• DATA EXCERPT:

● ● ● ●

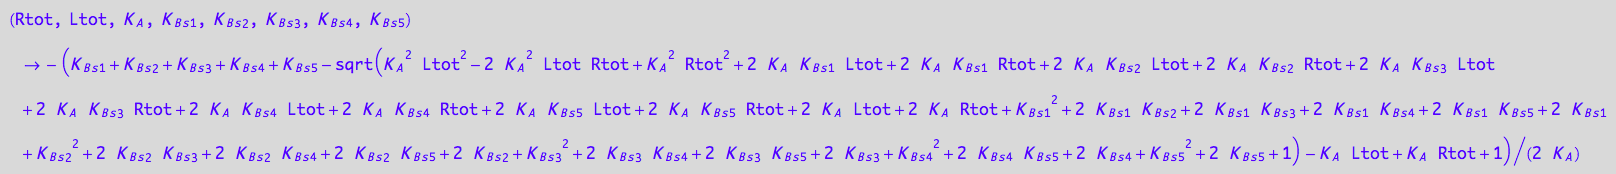 (Rtot, Ltot, K_A, K_B_s_1, K_B_s_2, K_B_s_3, K_B_s_4, K_B_s_5) -> -(K_B_s_1 + K_B_s_2 + K_B_s_3 + K_B_s_4 + K_B_s_5 - (K_A^2*Ltot^2 - 2*K_A^2*Ltot*Rtot + K_A^2*Rtot^2 + 2*K_A*K_B_s_1*Ltot + 2*K_A*K_B_s_1*Rtot + 2*K_A*K_B_s_2*Ltot + 2*K_A*K_B_s_2*Rtot + 2*K_A*K_B_s_3*Ltot + 2*K_A*K_B_s_3*Rtot + 2*K_A*K_B_s_4*Ltot + 2*K_A*K_B_s_4*Rtot + 2*K_A*K_B_s_5*Ltot + 2*K_A*K_B_s_5*Rtot + 2*K_A*Ltot + 2*K_A*Rtot + K_B_s_1^2 + 2*K_B_s_1*K_B_s_2 + 2*K_B_s_1*K_B_s_3 + 2*K_B_s_1*K_B_s_4 + 2*K_B_s_1*K_B_s_5 + 2*K_B_s_1 + K_B_s_2^2 + 2*K_B_s_2*K_B_s_3 + 2*K_B_s_2*K_B_s_4 + 2*K_B_s_2*K_B_s_5 + 2*K_B_s_2 + K_B_s_3^2 + 2*K_B_s_3*K_B_s_4 + 2*K_B_s_3*K_B_s_5 + 2*K_B_s_3 + K_B_s_4^2 + 2*K_B_s_4*K_B_s_5 + 2*K_B_s_4 + K_B_s_5^2 + 2*K_B_s_5 + 1)^(1/2) - K_A*Ltot + K_A*Rtot + 1)/(2*K_A)
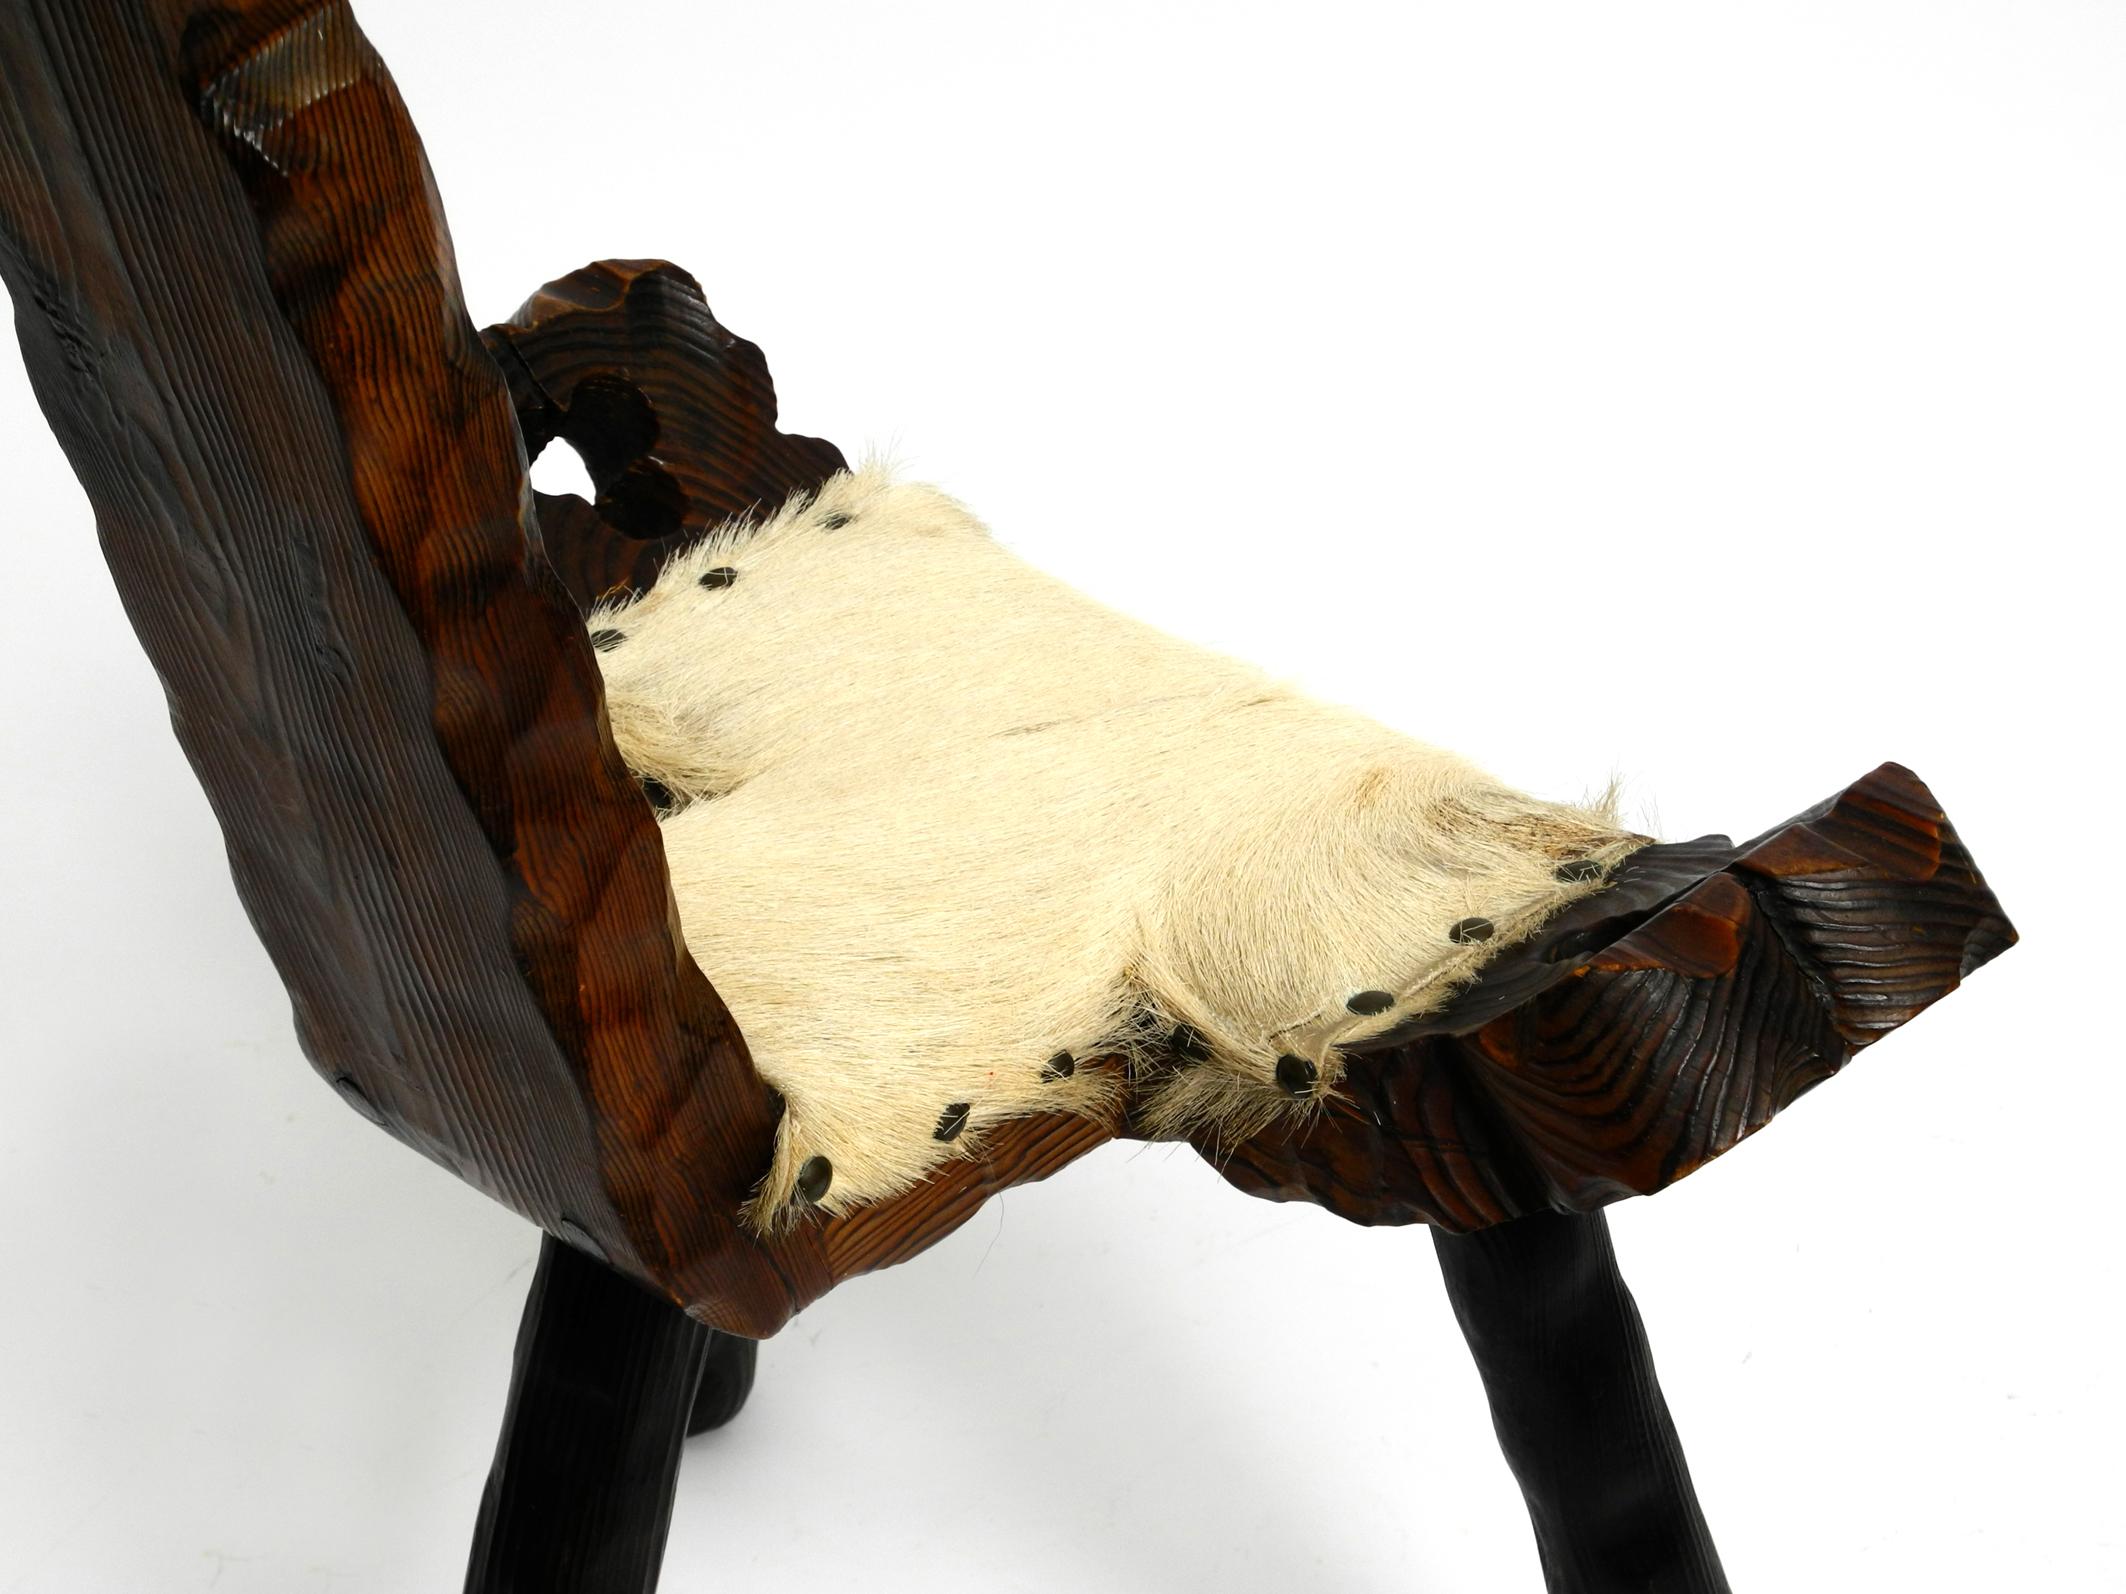 Cuir de vache Tabouret à trois pieds des années 1950 en Wood Wood massif noir-brun avec assise en peau de vache. en vente
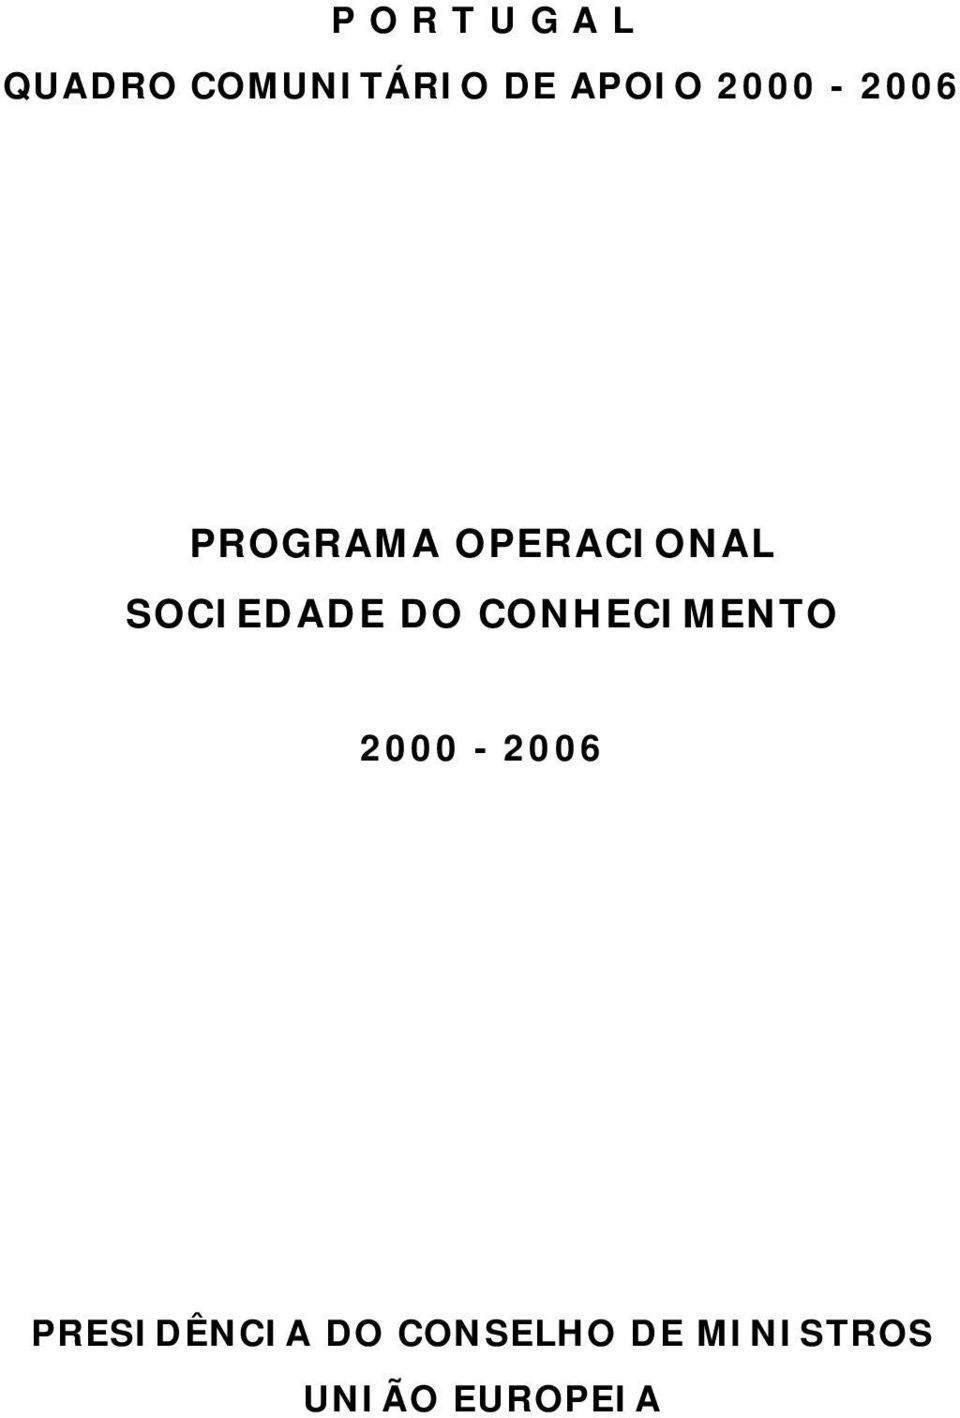 SOCIEDADE DO CONHECIMENTO 2000-2006

● ● ● ●

Take the line that contains "Cuir de vache" and all lines after it to the end of the material above, and copy them verbatim without any images.

 Cuir de vache Tabouret à trois pieds des années 1950 en Wood Wood massif noir-brun avec assise en peau de vache. en vente
 SOCIEDADE DO CONHECIMENTO 2000-2006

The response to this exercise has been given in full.